Macaulay M E
J Hyg (Lond). 1979 Aug;83(1):95-102. doi: 10.1017/s0022172400025857.
Indirect haemagglutination (IHA), agglutination and complement fixation tests (CFT) for Bordetella pertussis antibodies were compared on paired sera from 52 suspected cases of whooping cough and single sera from 83 children with no recent history of whooping cough. All three tests detected serotype antibodies 1, 2 and 3, but the IHA test was the most sensitive; in seven cases it was the only test to show a rise in titre. It is recommended, particularly with vaccinated children, that the serological diagnosis of whooping cough should be based upon a rise in titre. There should be a gap of at least 2-4 weeks between serum samples, depending on the age and vaccination state of the child. The CFT appears to detect a different antibody from that detected by the other two tests, and in three cases it was the only test to show a rise in titre.

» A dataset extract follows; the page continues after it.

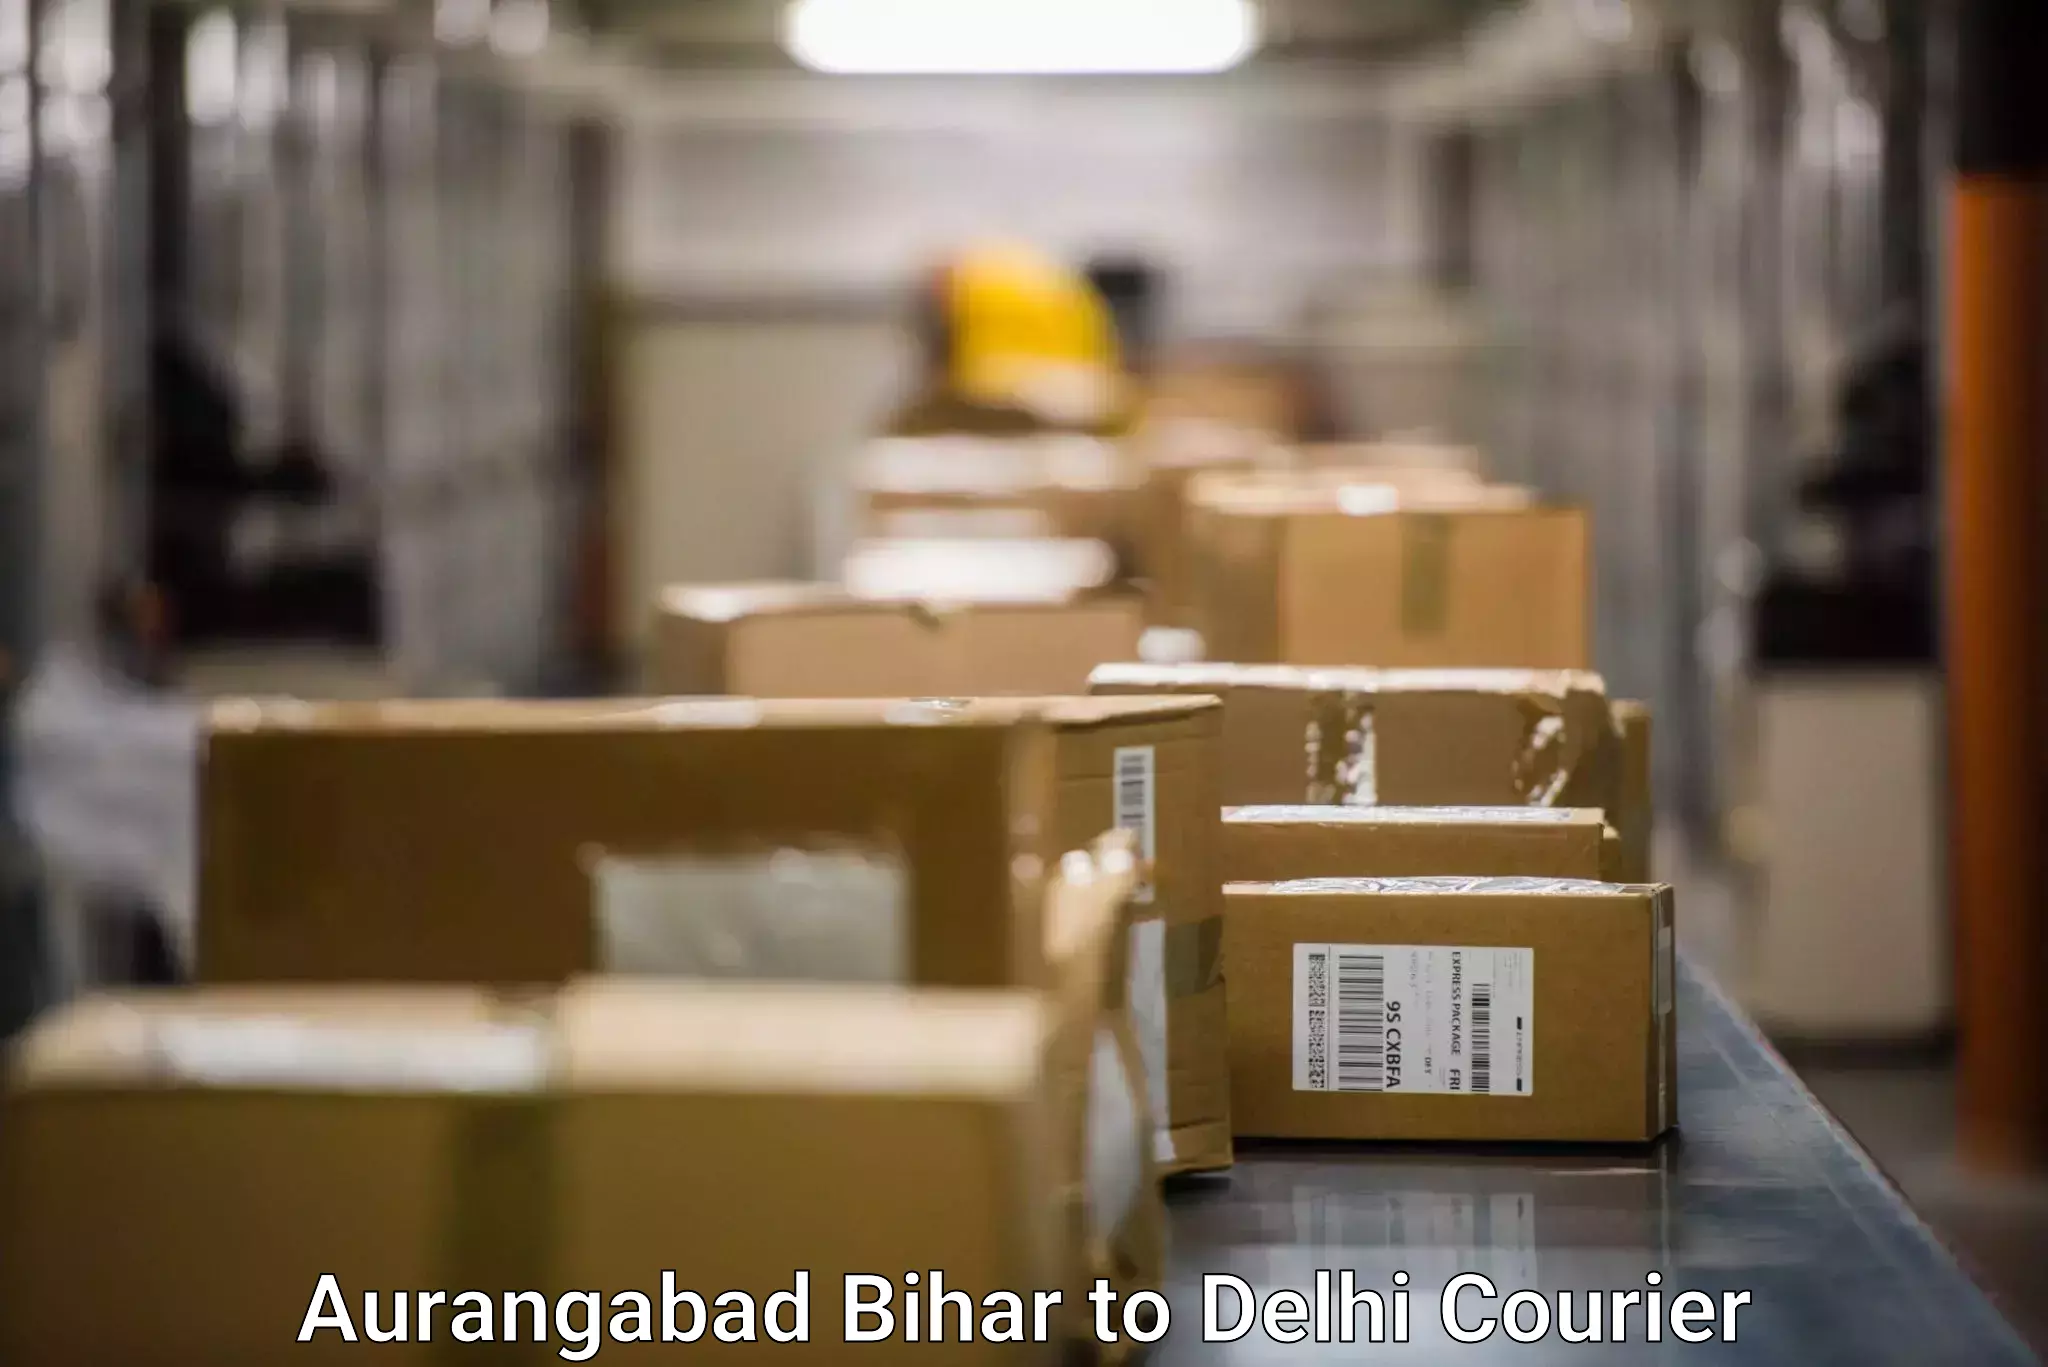 Smart shipping technology Aurangabad Bihar to Sarojini Nagar

对52例疑似百日咳病例的配对血清以及83例近期无百日咳病史儿童的单份血清,比较了百日咳博德特氏菌抗体的间接血凝试验(IHA)、凝集试验和补体结合试验(CFT)。所有这三种试验均检测到了血清型1、2和3抗体,但间接血凝试验最为敏感;在7例病例中,它是唯一显示滴度升高的试验。建议特别是对于接种过疫苗的儿童,百日咳的血清学诊断应基于滴度升高。血清样本之间应至少间隔2 - 4周,具体取决于儿童的年龄和疫苗接种状况。补体结合试验似乎检测到了与其他两种试验所检测到的不同抗体,在3例病例中,它是唯一显示滴度升高的试验。